● **DESCRIPTION OF THE TASK**
Give again only the lines from the line that holds "クラブ支援他の場所ネイルホイル ゴールド シルバー" to the end of the data, inclusive, omitting all pictures.
━━━━━ DATASET CONTENT ━━━━━
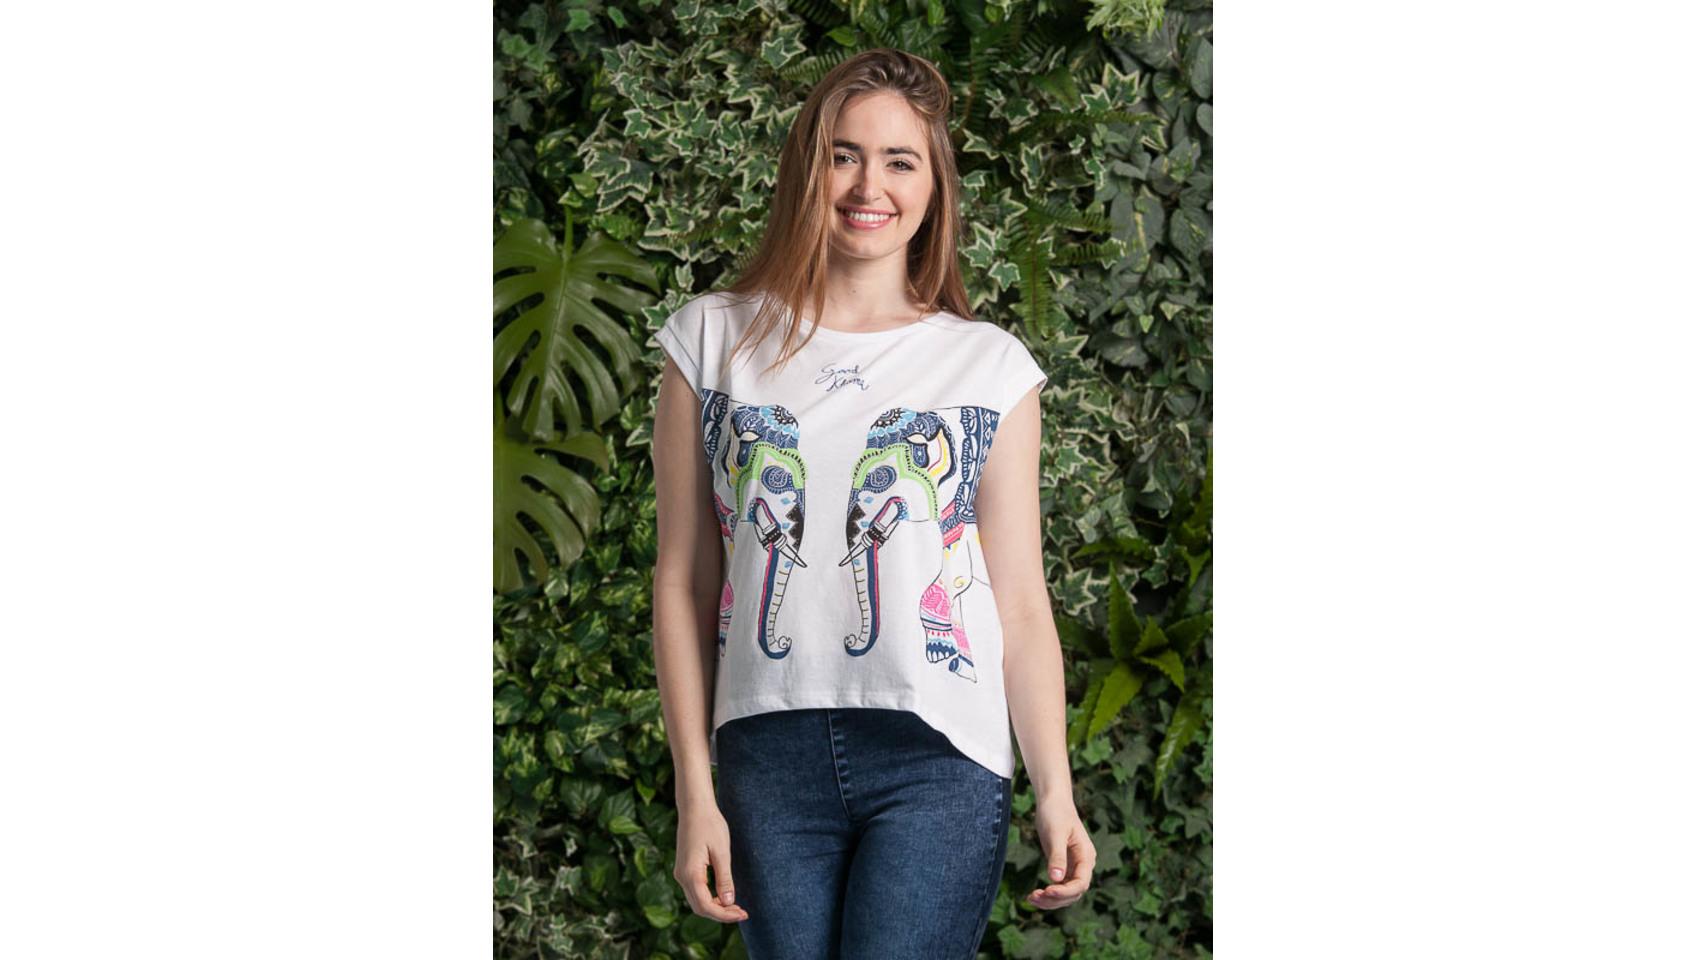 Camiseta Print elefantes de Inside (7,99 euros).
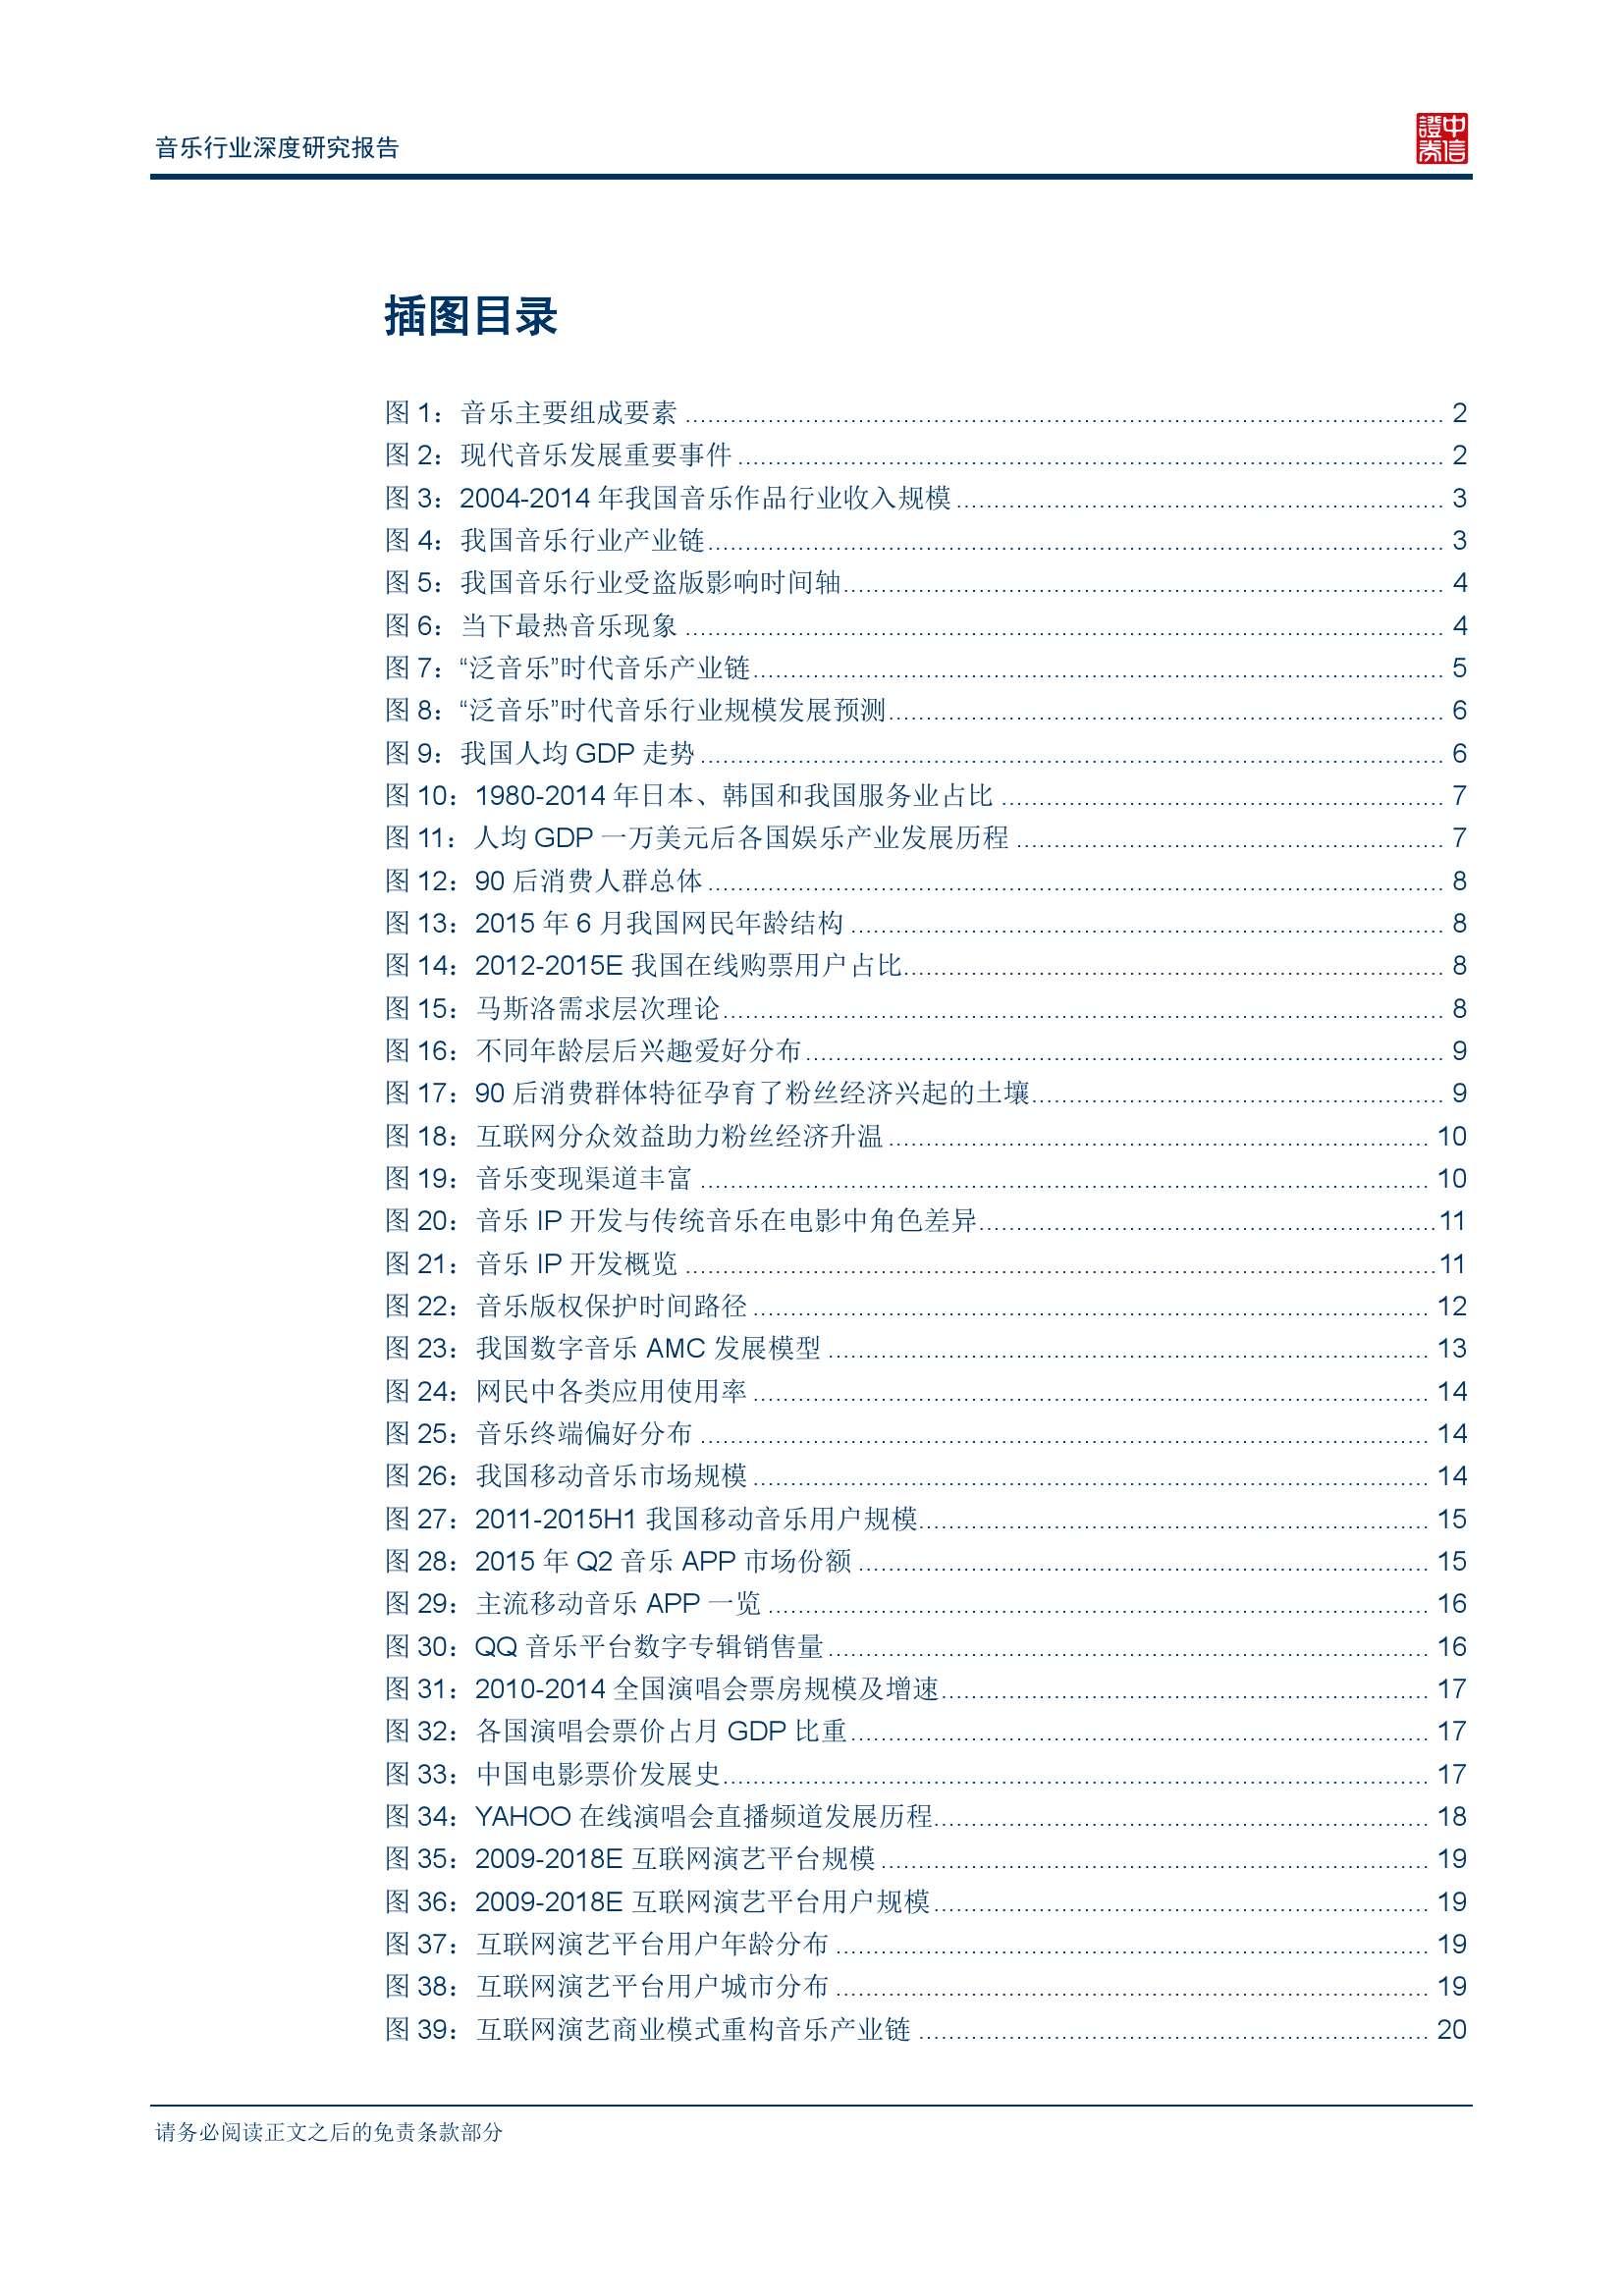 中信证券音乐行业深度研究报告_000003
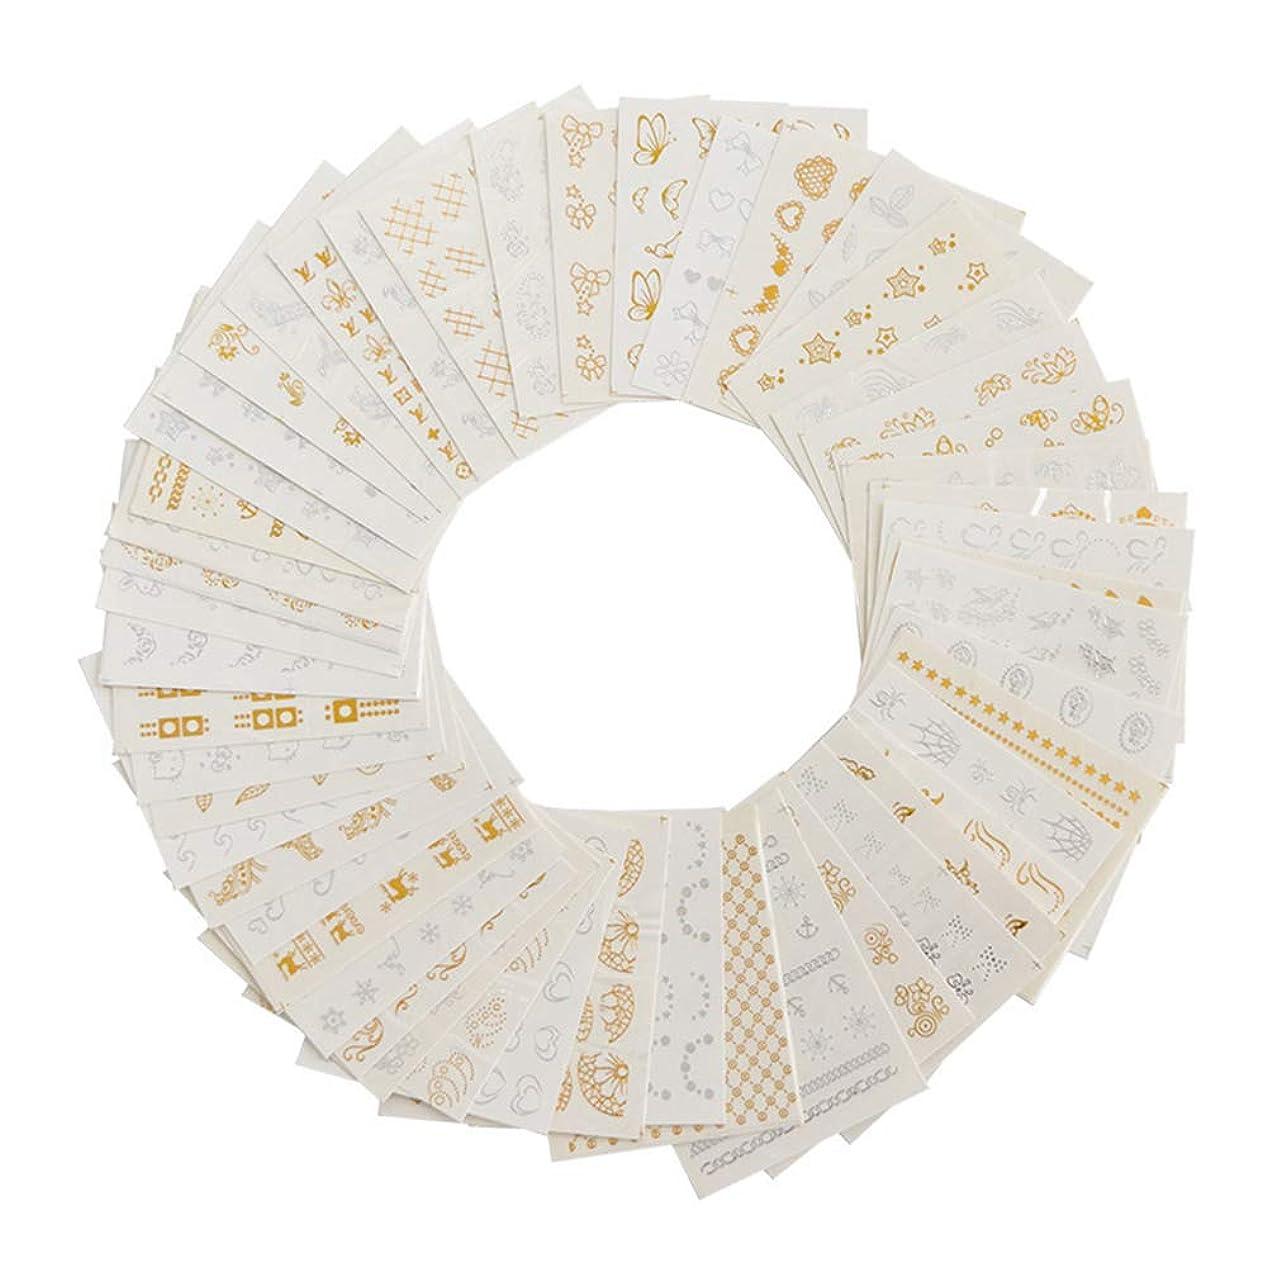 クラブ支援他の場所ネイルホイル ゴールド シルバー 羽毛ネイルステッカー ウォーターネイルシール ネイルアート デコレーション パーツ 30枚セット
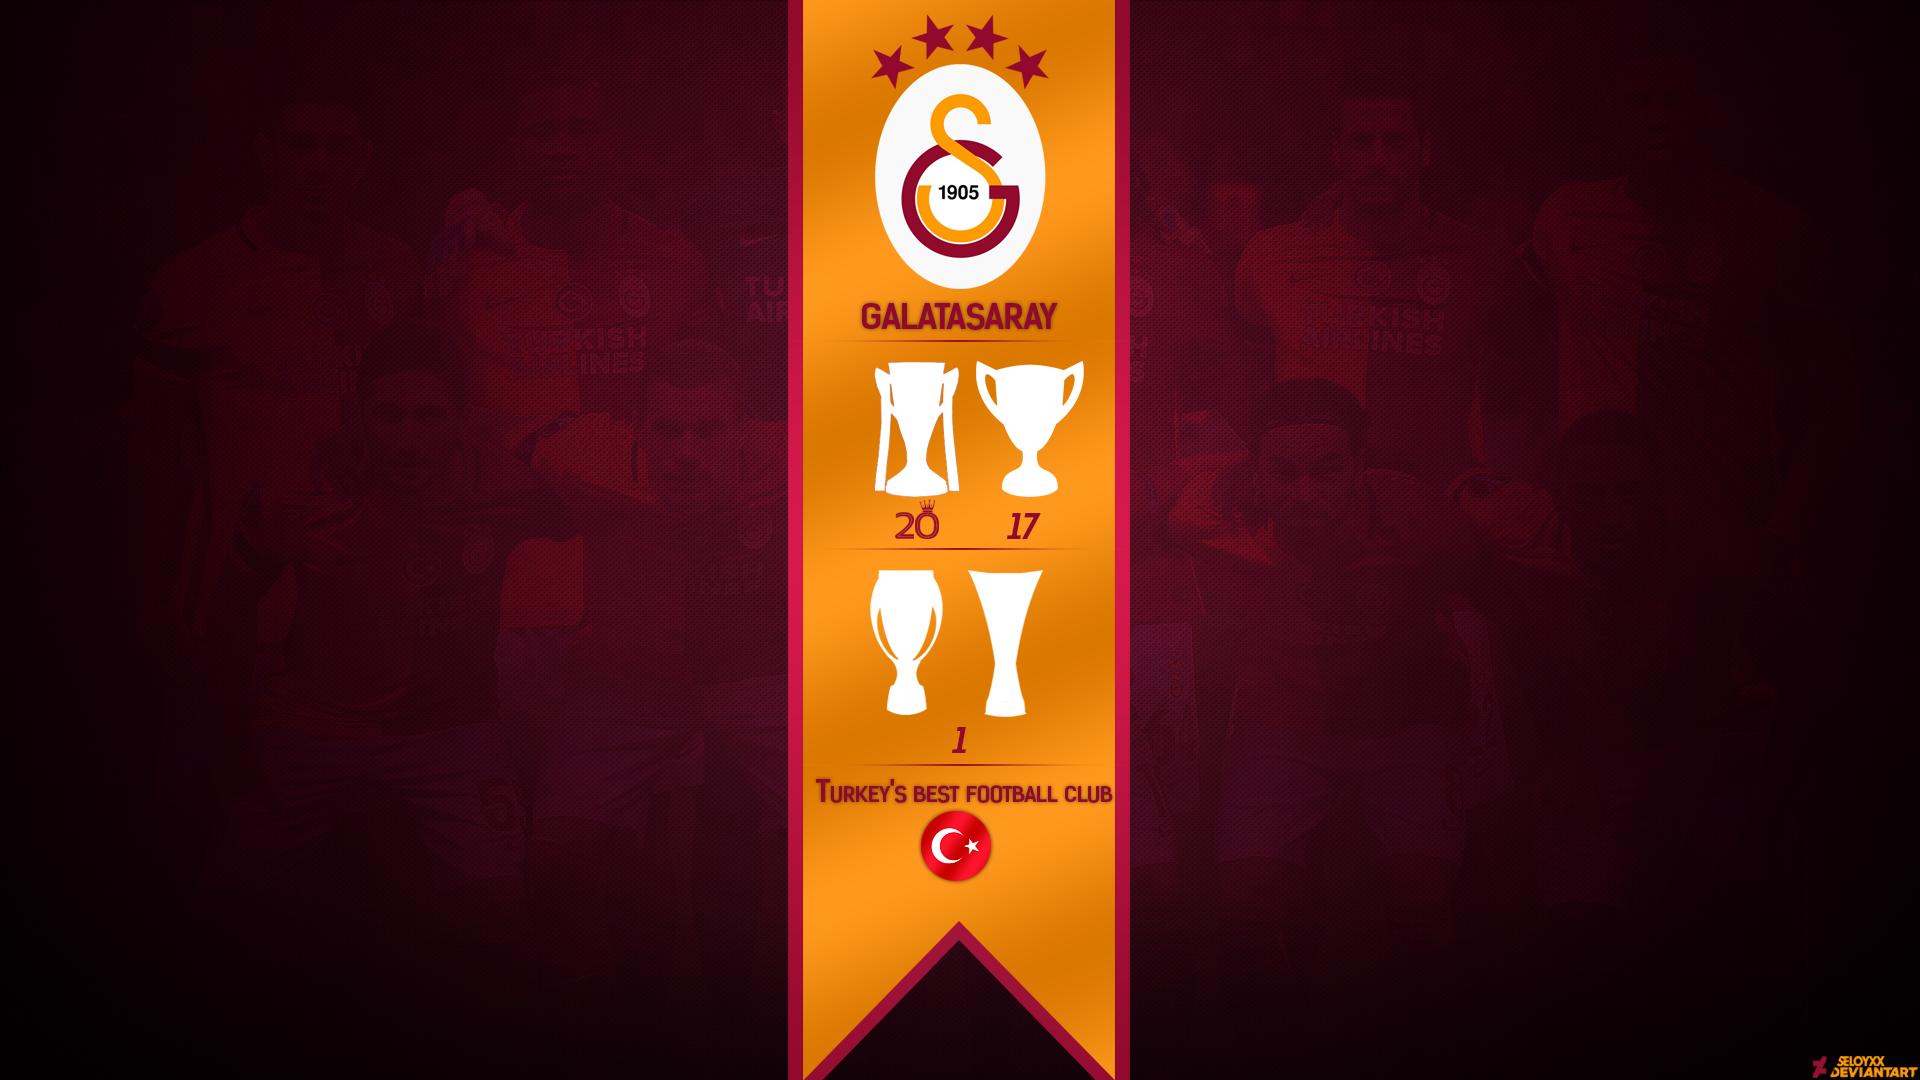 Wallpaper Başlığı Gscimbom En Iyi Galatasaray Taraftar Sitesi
━━━━━
● **ANSWER TO THIS TASK**
 クラブ支援他の場所ネイルホイル ゴールド シルバー 羽毛ネイルステッカー ウォーターネイルシール ネイルアート デコレーション パーツ 30枚セット
 Wallpaper Başlığı Gscimbom En Iyi Galatasaray Taraftar Sitesi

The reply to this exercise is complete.